2- Research Hypothesis
       Based on the research objective, the theoretical literature and previous studies, the research hypotheses are as follows:
: Financial statements comparability has a positive effect on annual stock returns.
: Institutional ownership has a moderating effect on the relationship between financial statements comparability and annual stock returns.
: Financial statements comparability has a negative effect on stock return volatility.
: Institutional ownership has a moderating effect on the relationship between financial statements comparability and stock returns volatility.
: Financial statements comparability has a positive effect on trade credit.
: Institutional ownership has a moderating effect on the relationship between financial statements comparability and trade credit.
 
3- Methods
       The statistical population of this research includes all companies listed in Tehran Stock Exchange during the period of 2011-2017. The sample of the study consisted of 119 active companies from 11 industries over a period of 7 years with 833 observations. We used the documentary research method to collect information on theoretical foundations and background of the research and Rahavard Novin Software and information available on the Tehran Stock Exchange website to collect the required data. Finally, we tested the research hypotheses using a multivariate linear regression model and panel data and Eviews9 software.
4- Results
       Findings of the research indicate that the cash flow comparability has a positive and significant effect on stock annual returns, and institutional ownership moderates this relationship. Furthermore, the earnings comparability has a negative and significant effect on stock return volatility, and institutional ownership moderates this relationship. In addition, the comparability of earnings and cash flows has a positive and significant effect on trade credit, but institutional ownership does not have a moderating effect on these relationships.

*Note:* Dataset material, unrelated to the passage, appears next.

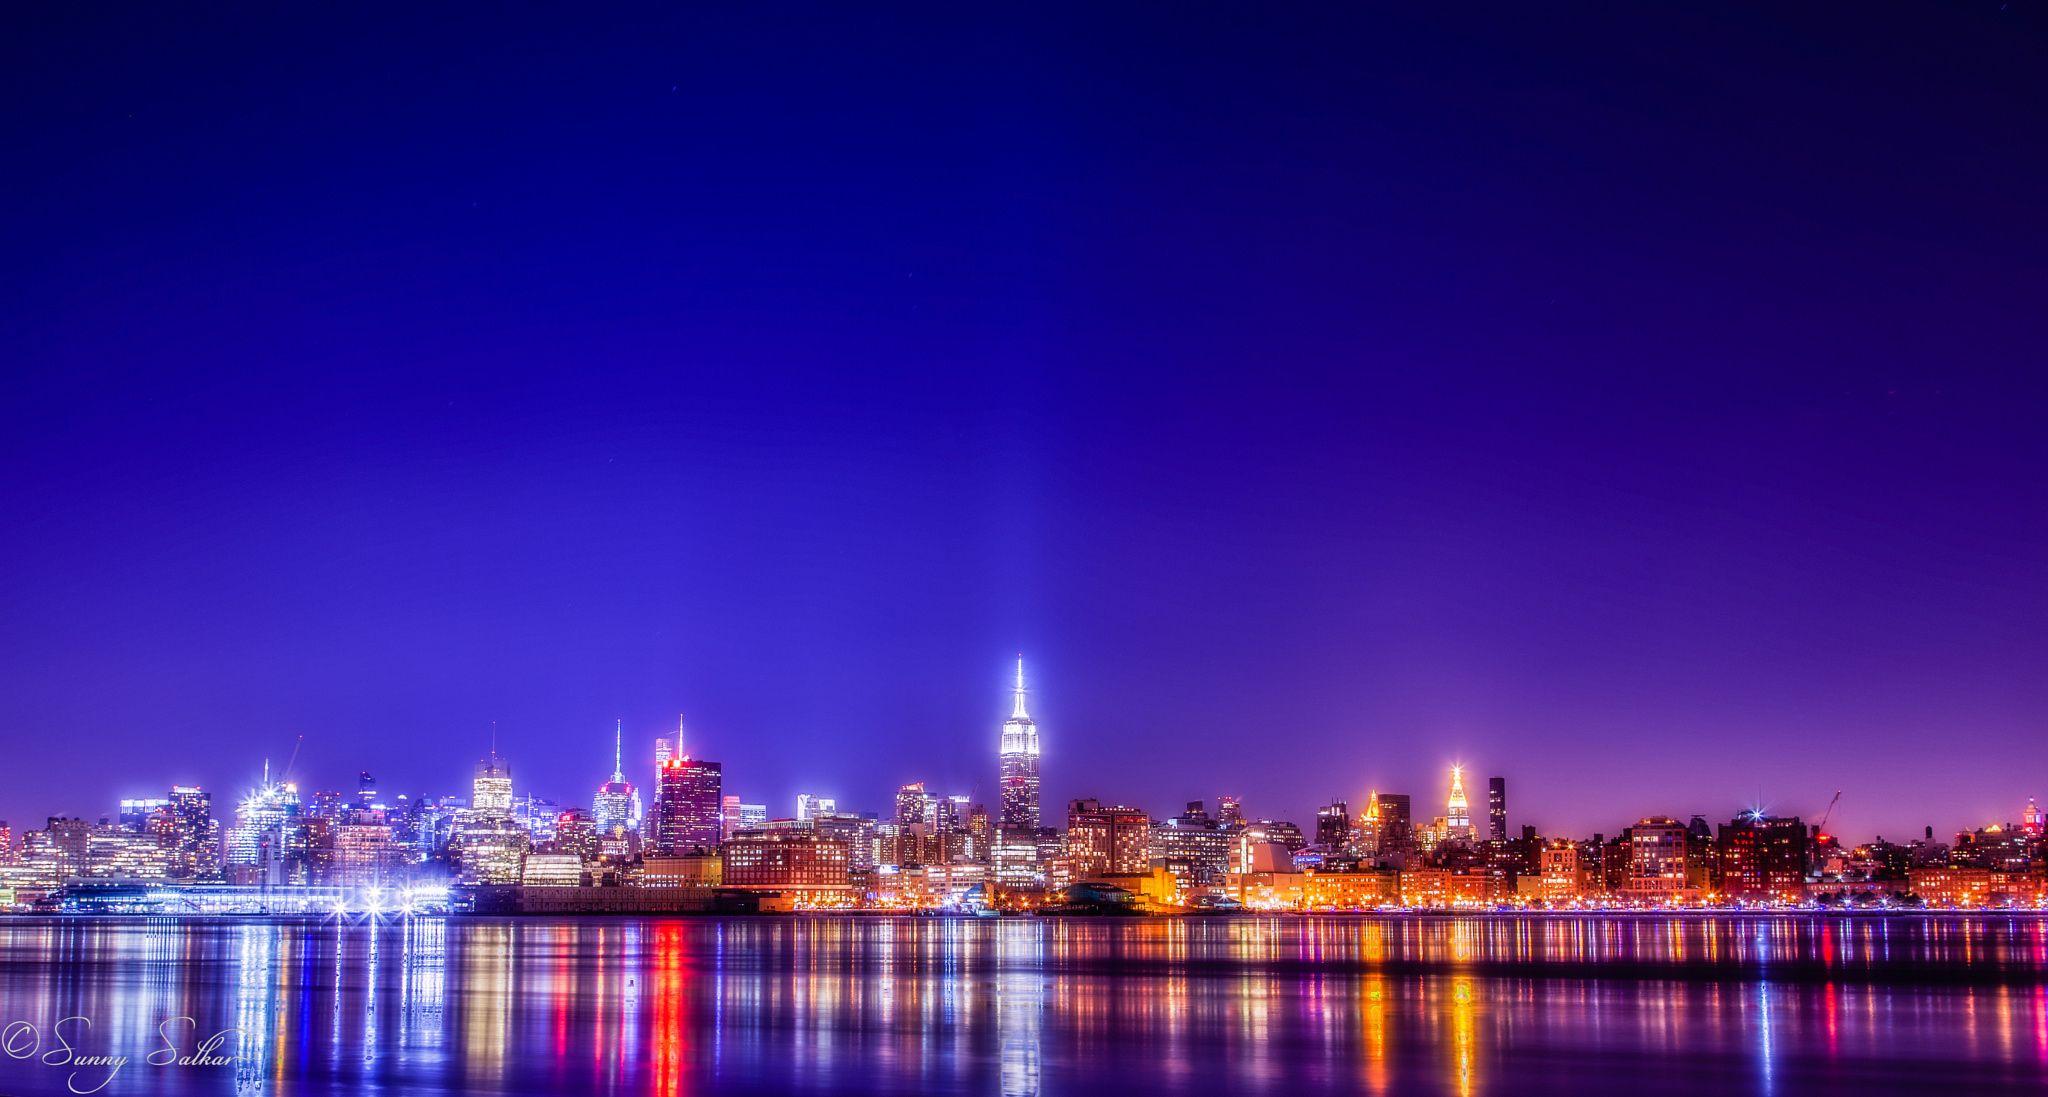 CITY OF BLINDING LIGHTS by Sunny Salkar on 500px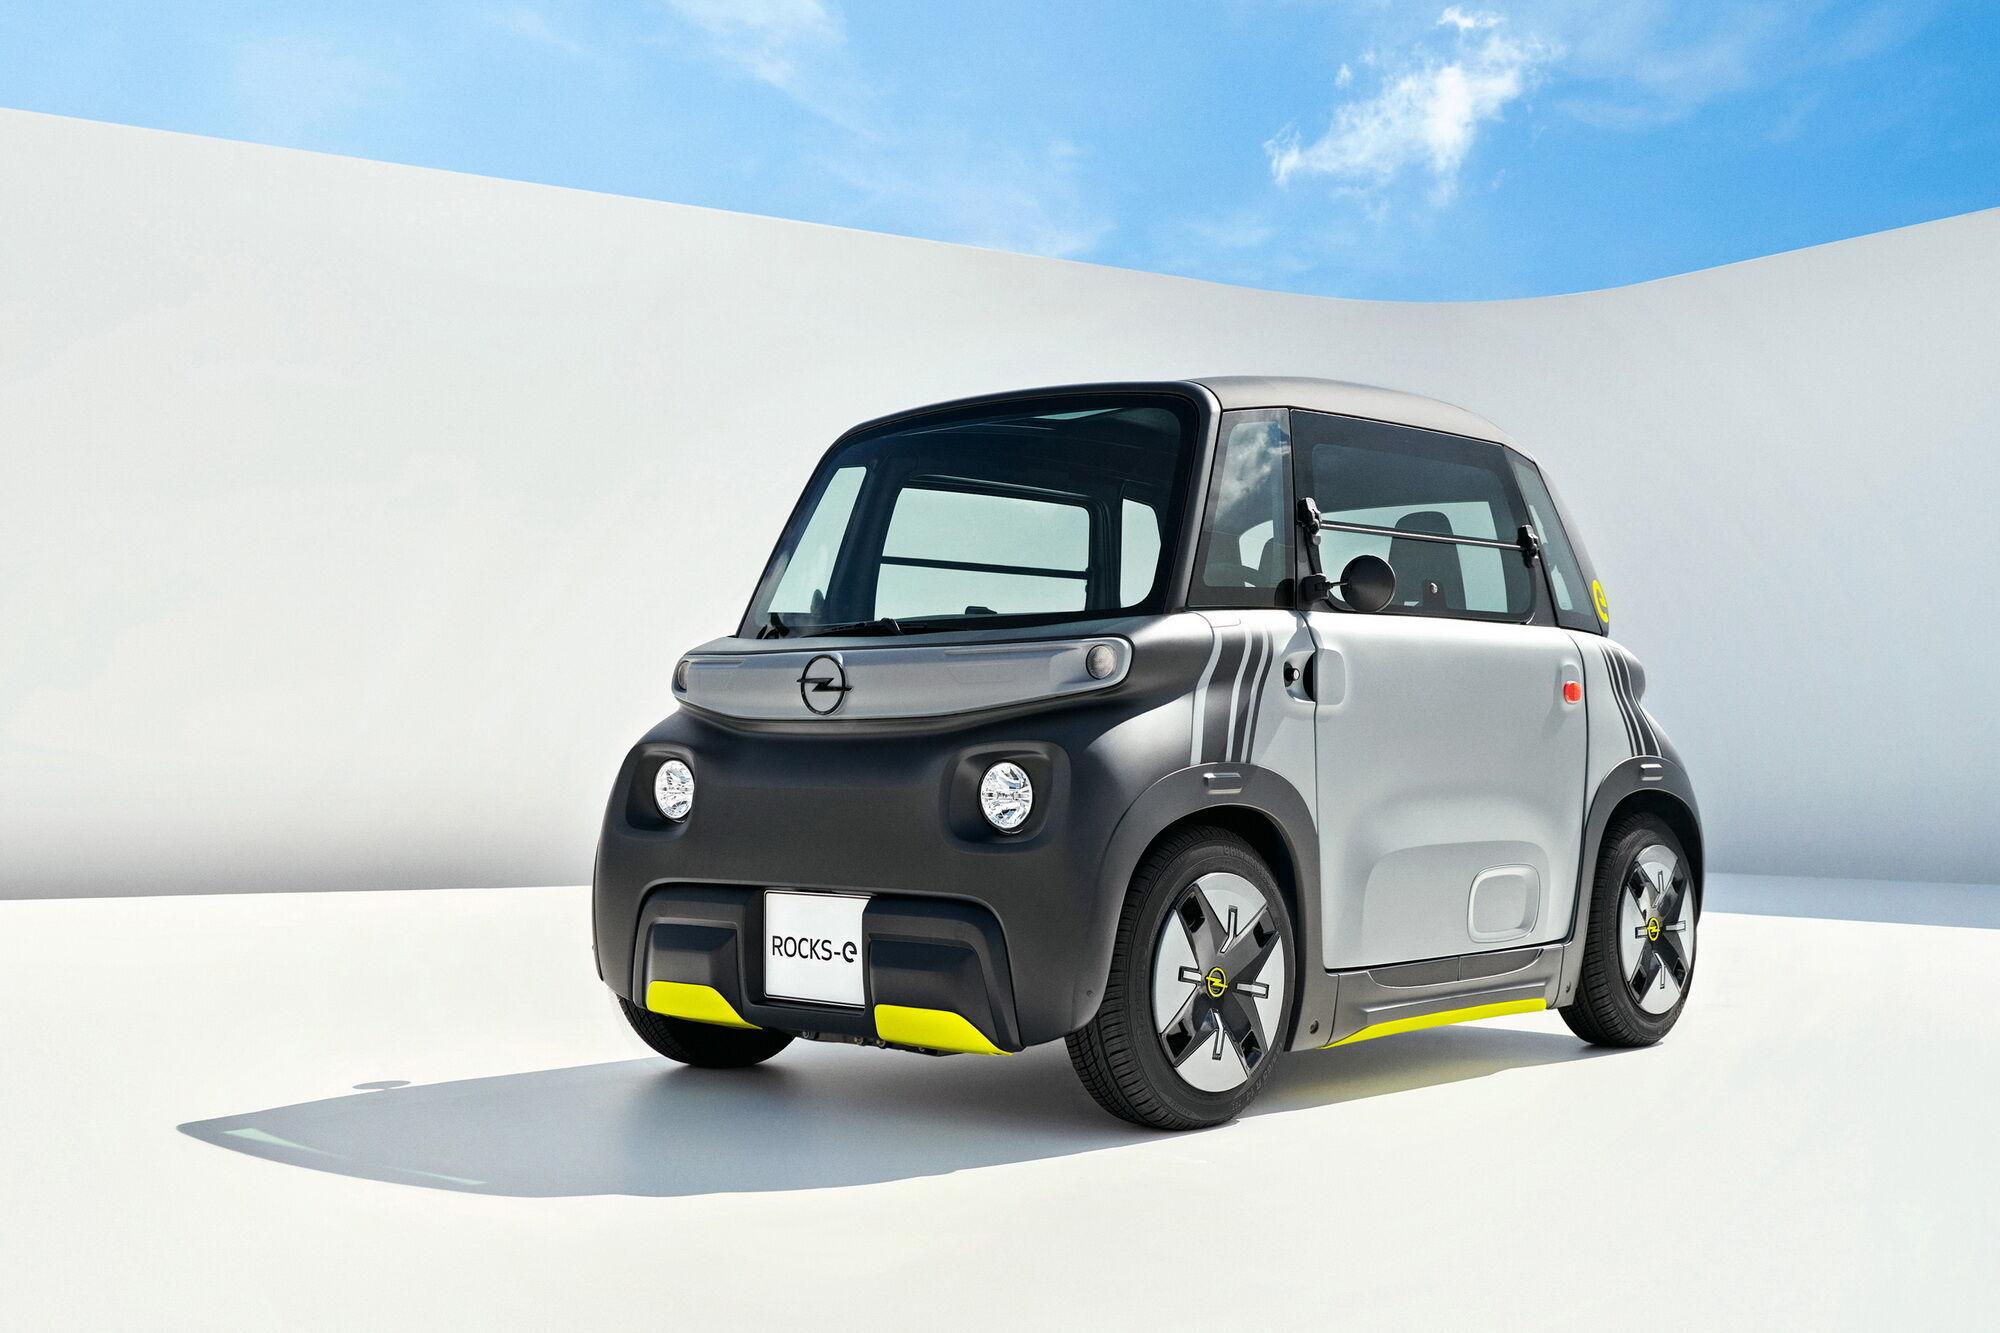 Opel показал городской электромобиль Rocks-e | Электромобили | OBOZREVATEL

  5- Discussion and Conclusion
       The comparability is an increasing qualitative characteristic of the usefulness of financial information and causes users to make better and more efficient investment decisions when evaluating alternative opportunities. The results of testing the first and second hypotheses show that operating cash flow comparability has a positive and significant effect on stock returns, and this effect is moderated by institutional ownership. These results are consistent with the theoretical foundations of the research and studies results of Choi et al., (2019), Barth et al., (2018), Lu (2012), Bohl et al., (2009), Elyasiani and Jia (2008), Golarzi and Zangouri (2013), and Nazemi et al., (2015), and contrary to the results of research of Yassin et al., (2015), Holderness (2003). The results of testing the third and fourth hypotheses show that net income comparability has a negative and significant effect on stock returns volatility and this effect is moderated by institutional ownership. These results are consistent with the theoretical foundations of the research and study results of Rajgopal and Venkatachalam (2011), Heidarpoor and Zare Rafie (2014), and Moosavi Shiri et al., (2015). The results of testing the fifth and sixth hypothesis show that the comparability of net income and operating cash flow has a positive and significant effect on trade credit, but institutional ownership does not have a moderating effect on these relationships. These results are consistent with the theoretical foundations of the research and study results of Bharath et al., (2008), Aflatooni and Nemati (2018), and Ebrahimi Kordlar and Taheri (2015), and contrary to the research results of Izadi Nia and Taheri (2016).
  Keywords: Financial Statement Comparability, Stock Return, Stock Return Volatility, Trade Credit, Institutional Ownership.